Pearl and Moody start a tentative, transformative friendship that soon envelops the other Richardson children. Izzy is drawn to the subversive idea of Mia – the artistic and carefree single mother becomes a haven for Izzy whose antics have long frustrated her own mother. Izzy becomes an apprentice to Mia. On the surface, she studies photography with Mia, but at a deeper, more disconcerting level she is slowly and selectively adapting Mia’s philosophy without accounting for the difference in their age or circumstances.
Both Elena and Mia are silently uncomfortable with the other’s influence on their children. Pearl spends most afternoons at the Richardsons, wearing their castoffs and watching their favourite TV dailies. Old family friends of the Richardsons adopt a Chinese infant from the foster care system.
The resurfacing of the birth mother ignites an ugly, length court battle on which Elena and Mia fiercely disagree.
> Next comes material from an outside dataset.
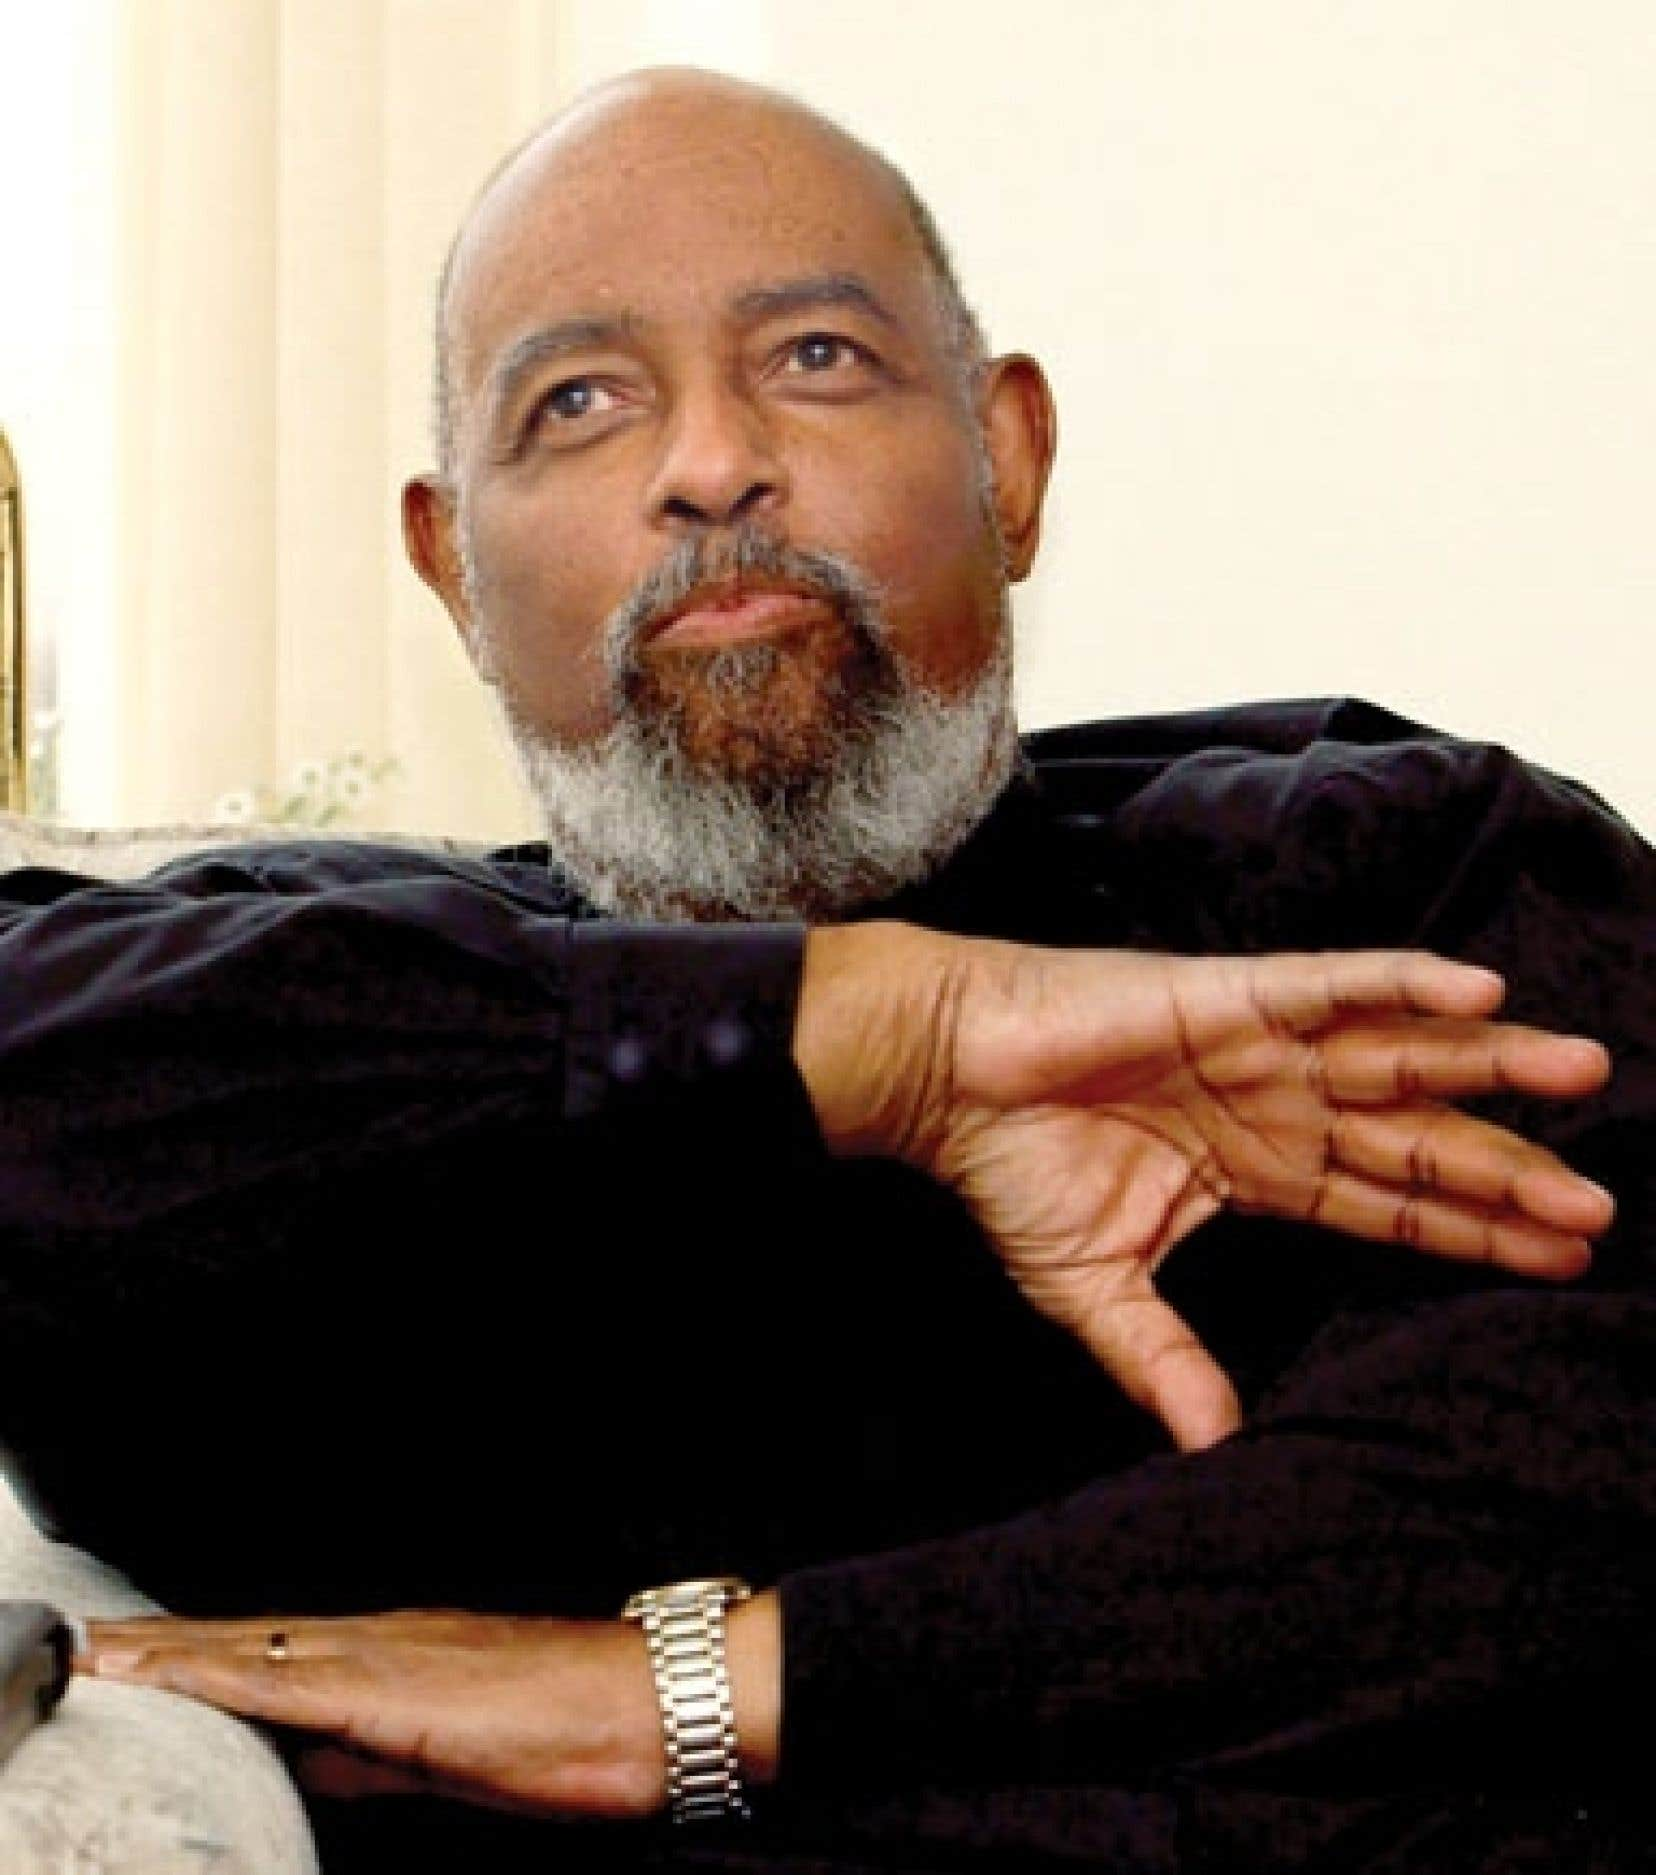 James DePreist en 2002

As Mr Richardson chooses to represent their family friends in court, and Mia sides with the birth mother, the slow collision of two families with different experiences of and opinions on money, purpose, and parenting become tragically inevitable.
Troubling questions
The court case troubles the murky waters of right and wrong, of the legal basis on which to decide whether a child’s mother can change her mind after giving the child for adoption, and of much else. I wrote the review several days after reading the book because I was distressed by the questions the novel raises. Can white parents make suitable parents for Asian children? What piece of culture will remain missing from the lives of those adopted children? Should negligent parents who abandon their children be given a second chance?
Nicole Chung is a Korean adoptee with white parents who has written articulately about the deep loss she felt for her birth family here. This is Us, a popular TV show on air now, looks thoughtfully at the childhood of a black son of white parents who makes a mark in his notebook every time he meets a new black person. Ng’s first book was compelling because it made us look anew at family, ambition, academic pressure and growing up in upsetting, confrontational ways. Her second was distressing because it poked at my comfortable boundaries between right and wrong. As I read, every bone in my body protested, “Surely the parents who bring you up are your only true family. Ng must have got this wrong.” But chipping away at that discomfort in the past few days, I was driven to think and read more widely on the subject.
Ng’s world constantly veers between planned order and instinct, rules and passion, and chosen motherhood and umbilical motherhood. The last two draw from the bottomless well literature paints maternal love as. Is one preferable to the other? Is Mia a good mother to Pearl? Is Izzy in need of a different kind of parental love? After you read Everything I Never Told You, you’ll know Ng doesn’t believe in easy answers or in solving the mystery for you.
As always, Ng’s prose is clear, devoid of rambling or diversion, and stunning in its ability to draw three-dimensional characters. The plot does occasionally squeak under the weight of the thorny but crucial questions she puts forward. With her first, she took away pieces of the certainty we’ve come to depend upon in thrillers. In her second, she does away with certainty entirely.
Little Fires Everywhere, Celeste Ng, Penguin.